Cachexia is a systemic catabolic syndrome with apparent effect on skeletal muscles, tolerance to chemotherapy, early toxicity and quality of life; however, its effect on cardiopulmonary function is not well understood. Preclinical studies demonstrated diaphragmatic muscle wasting(29) and left ventricular wasting and fibrosis associated with mouse cachexia models.(40) Many patients, who experience cancer cachexia, describe a generalized debility and a sense of breathlessness(41) despite adequate oxygenation in the peripheral blood as measured by pulse oximetry. Whether this is related to deconditioning associated with chemotherapy or related to direct effect on cardiac and diaphragmatic muscles remains unknown. In this pilot study, the investigators propose to perform a preliminary evaluation of the cardiopulmonary function in patients with pancreatic cancer, who are likely to develop cachexia, to assess for the feasibility of performing a larger prospective study to understand the impact of cancer cachexia on cardiopulmonary function. This pilot study will provide the foundation to potentially identify cachexia in early stages (pre-cachexia) to develop pharmacological or exercise based interventions to prevent or delay its progression. Based on clinical experience and published literature, it is expected that 60-70% of patients will have >10% weight loss during the course of this disease. More commonly, this is associated with clinical or radiographic disease progression, but certainly it can happen throughout the course of the disease even without disease progression.

Condition or Disease Intervention/Treatment Phase

    Detailed Description

    Primary Objective:

    To assess the feasibility of performing a prospective cardiopulmonary and physical function assessment in patients with advanced pancreatic ductal adenocarcinoma (PDAC) who are expected to develop cachexia.

    Secondary Objectives:
    1. To measure the changes in maximal expiratory pressure (MEP) and maximal inspiratory pressure (MIP) in patients with progressive PDAC and/or cancer associated cachexia

    2. To measure changes in strain echocardiography in patients with progressive PDAC and/or cancer associated cachexia

    3. To assess functional changes in patients with progressive PDAC and/or cancer associated cachexia

    4. To assess body composition changes associated with cachexia or disease progression

    5. To measure the levels of cytokines from peripheral blood in patients with cachexia

    Procedures:

    All study procedures will be done at two time points (T1=baseline or study entry, T2=at disease progression or development of cachexia).

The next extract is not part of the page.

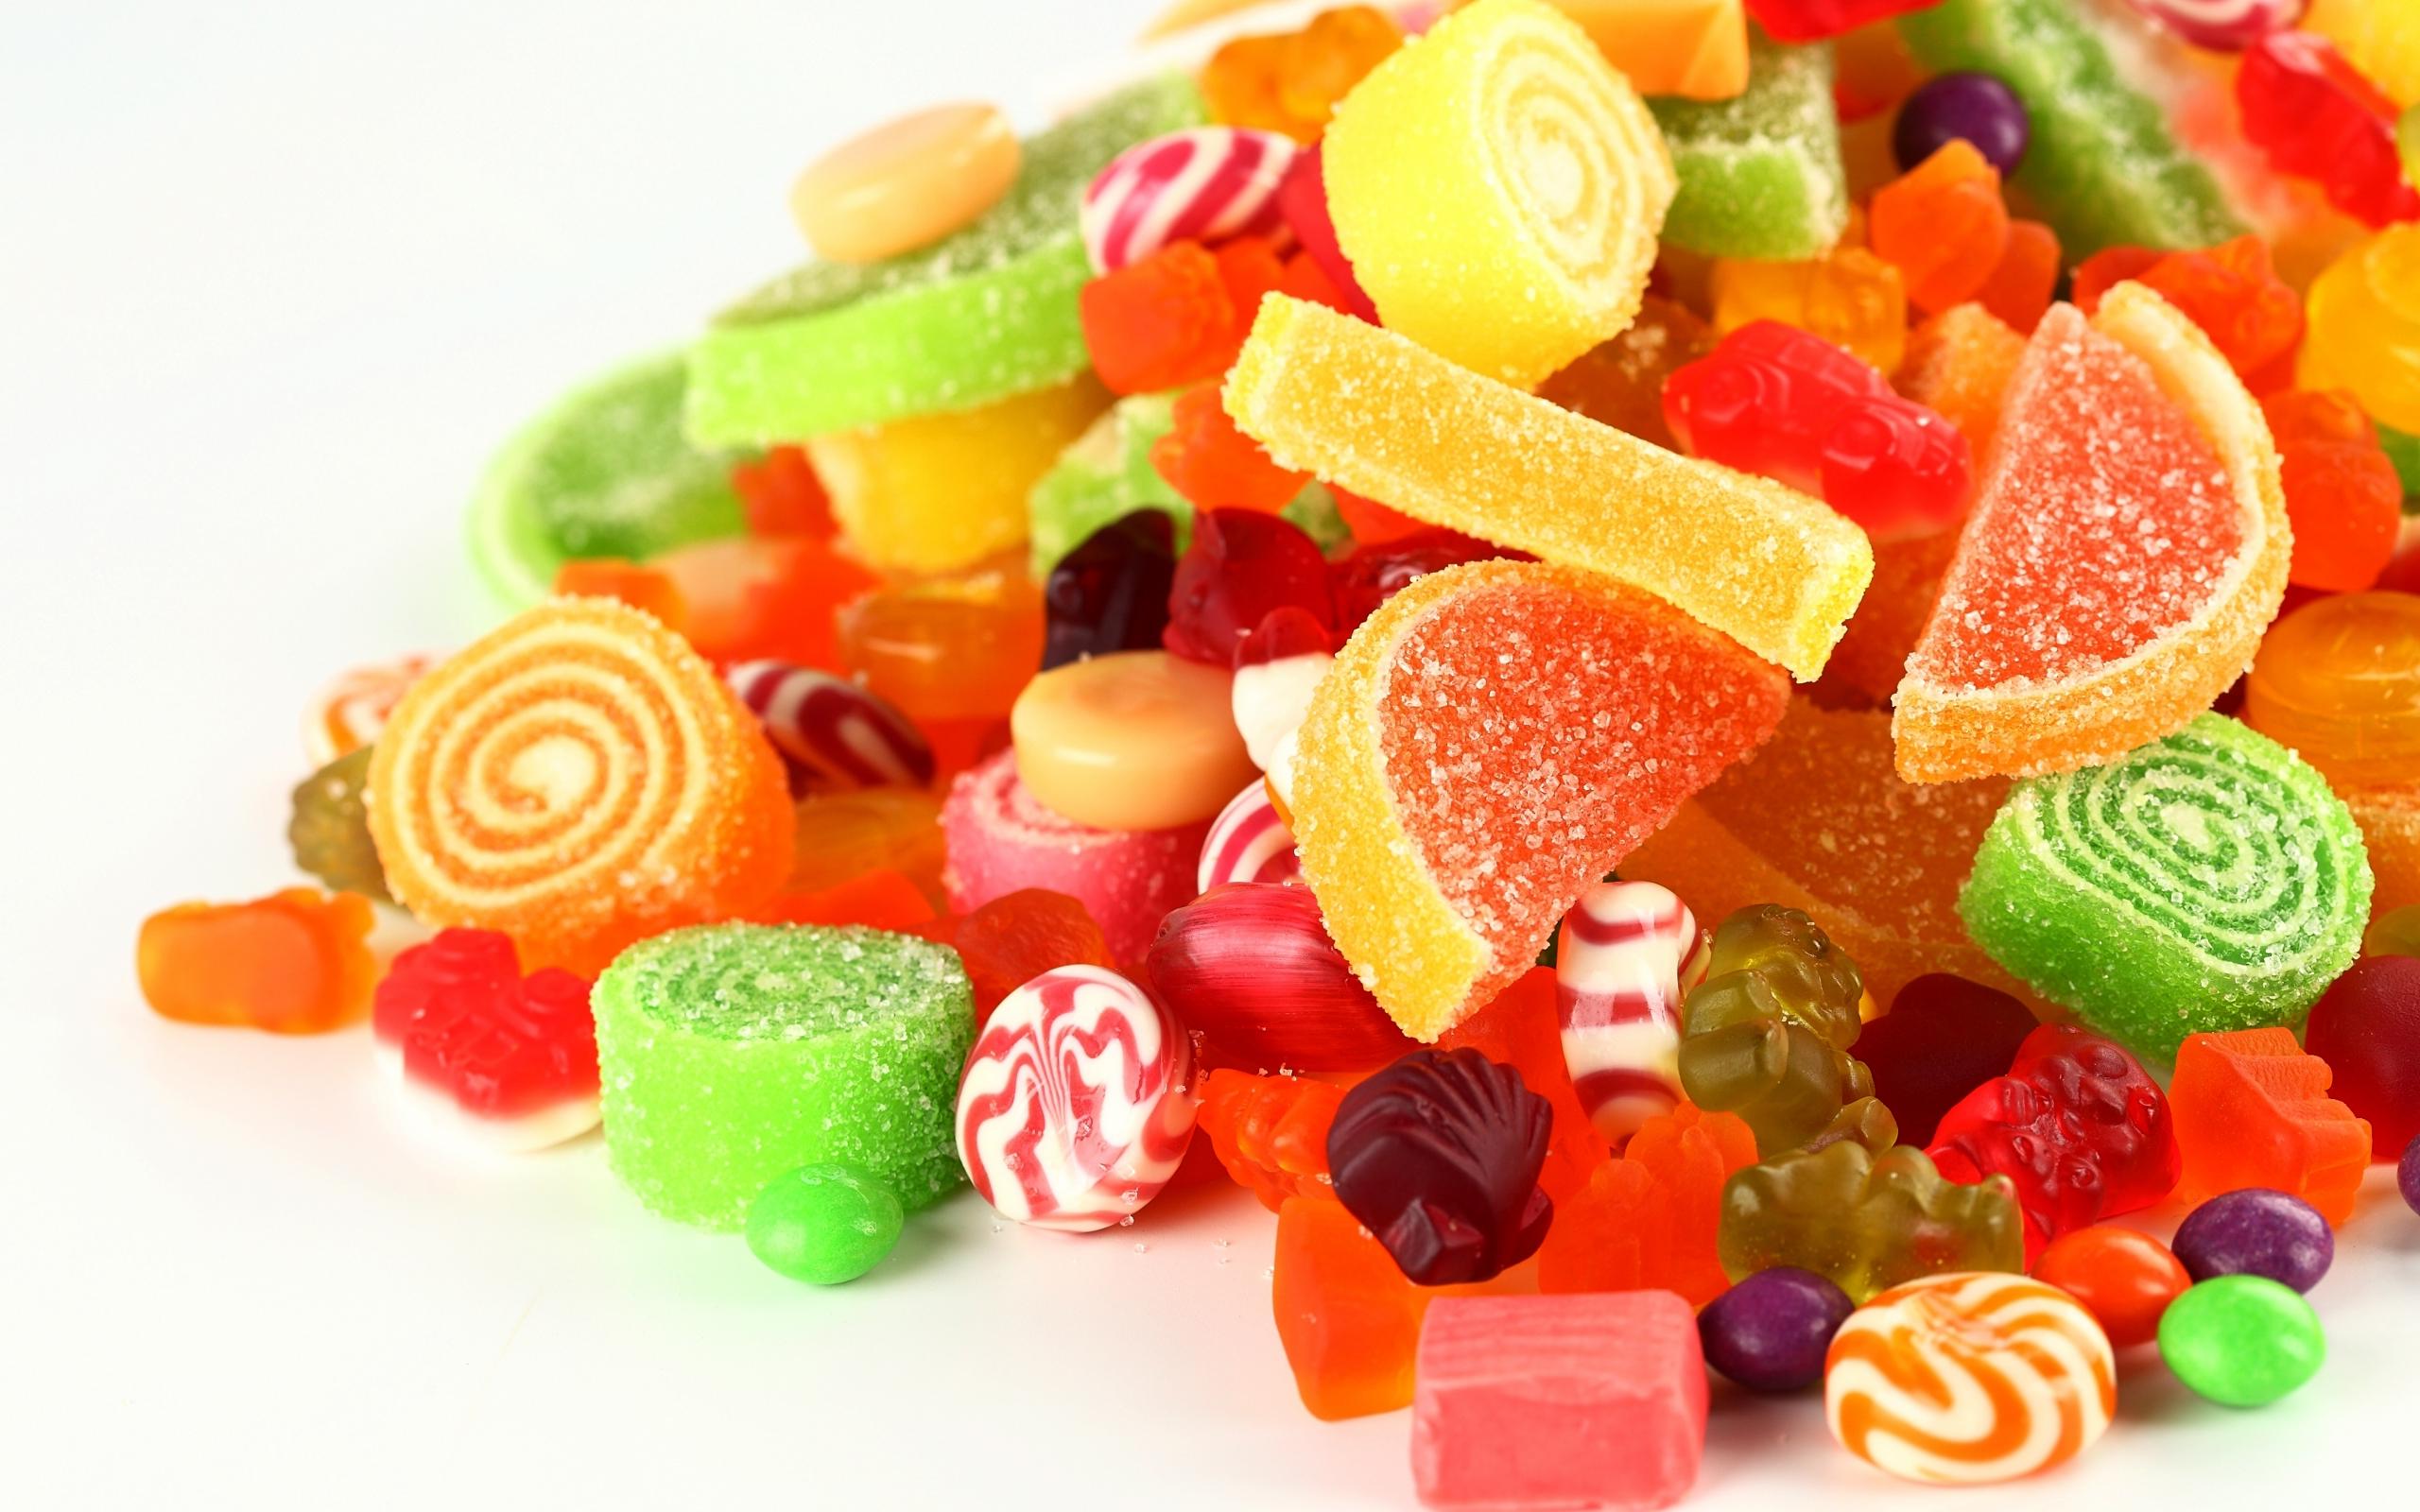 Colorful Candy Wallpaper | 2560x1600 | ID:40358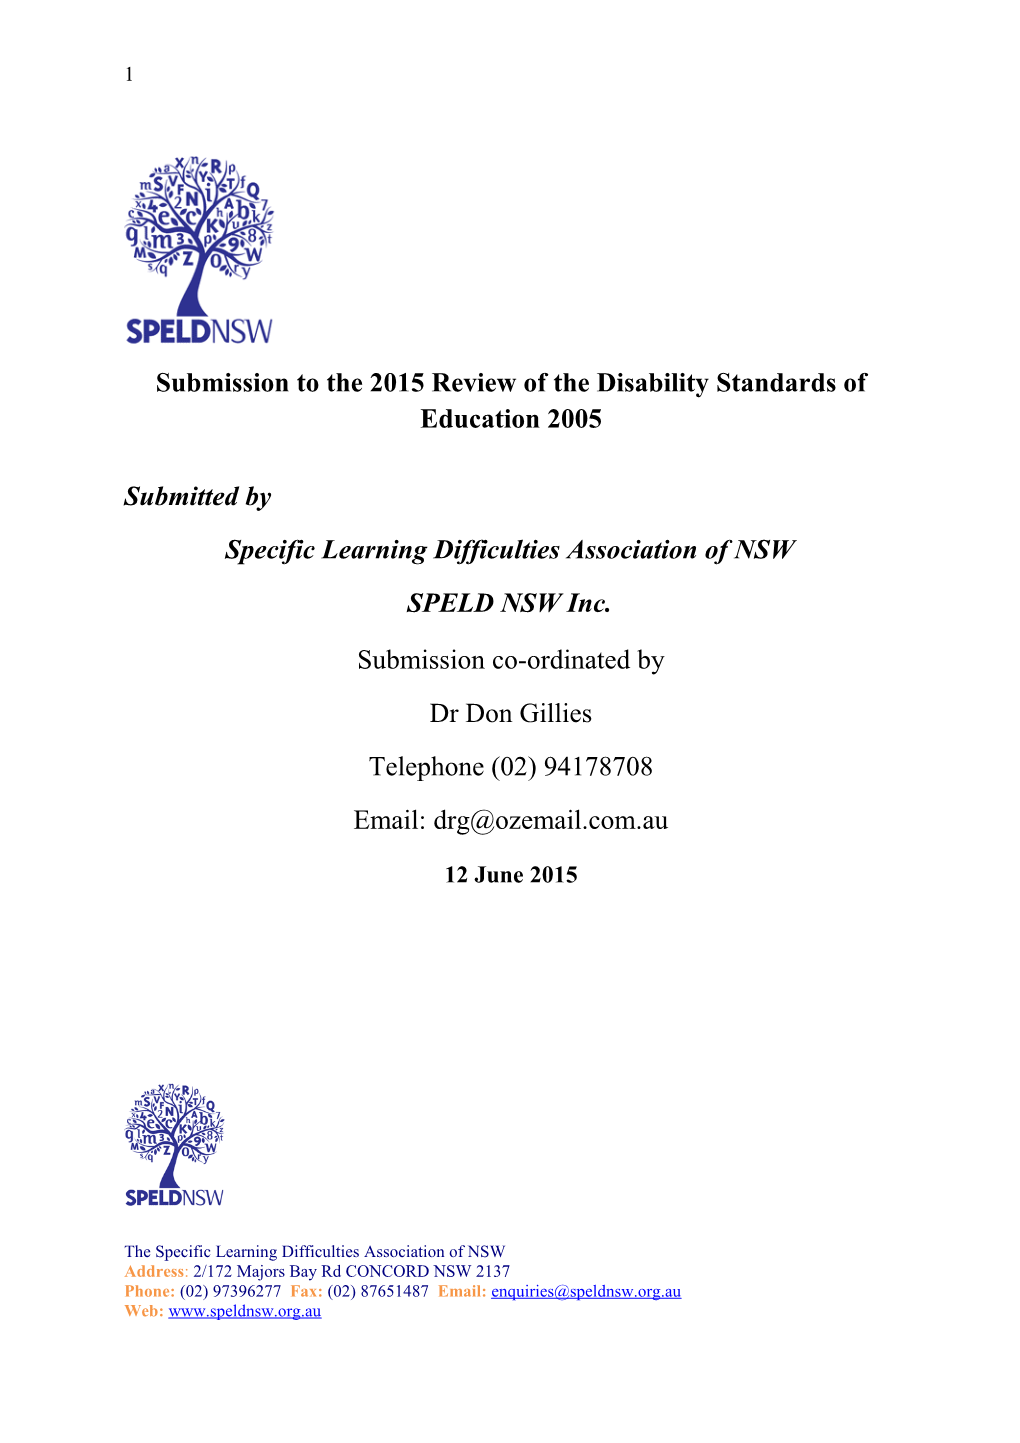 Submission to the 2015 Review of the Disability Standards of Education 2005

Patients will undergo echocardiography with strain evaluation at Indiana University Health Echocardiography Laboratory and pulmonary function tests as per institutional guidelines at IUH PFT laboratory at University Hospital. Patients will also have 20mL (2 red top tubes) of blood drawn for the studies outlined in Section 7.5. Standard of care labs will be taken from the patient's medical records. Patients also will be evaluated using three standardized functional assessment tools commonly utilized in physical rehabilitation: 1) 5 Times Sit-to-Stand Test; 2) 6 Minute Walk Test; and 3) grip dynamometry. Standard of care CT scan obtained at the time of tumor assessment will enable the investigators to assess body muscle mass as described in Section 7.4. In addition, the investigators will administer three standardized survey tools to assess quality of life and prior level of function: 1) The Short Form 36 (SF-36); 2) Lower Extremity Functional Scale (LEFS); and 3) Scored Patient-Generated Subjective Global Assessment (PG-SGA).

    Sample Size:

    Due to the risk of clinical deterioration or drop out of the study and inability to undergo T2 evaluation, the investigators will plan on enrolling 133% of desired number of subjects, accounting for 33% missing T2 data. This is likely a high number; however, this will enable data collection from 12-15 patients at both time points and all proposed tests.

    Study Design

    Study Type:
    Observational
    Actual Enrollment :
    8 participants
    Observational Model:
    Cohort
    Time Perspective:
    Prospective
    Official Title:
    Pilot Project for Cardiopulmonary and Functional Evaluation in Patients With Pancreatic Cancer Associated Cachexia
    Actual Study Start Date :
    Oct 1, 2015
    Actual Primary Completion Date :
    May 27, 2017
    Actual Study Completion Date :
    Oct 26, 2017

    Outcome Measures

    Primary Outcome Measures

    1. The number of patients who have changes in echocardiography, pulmonary function or one or more part of their functional evaluation tests [Baseline to disease progression or development of cachexia (approximately 6 months)]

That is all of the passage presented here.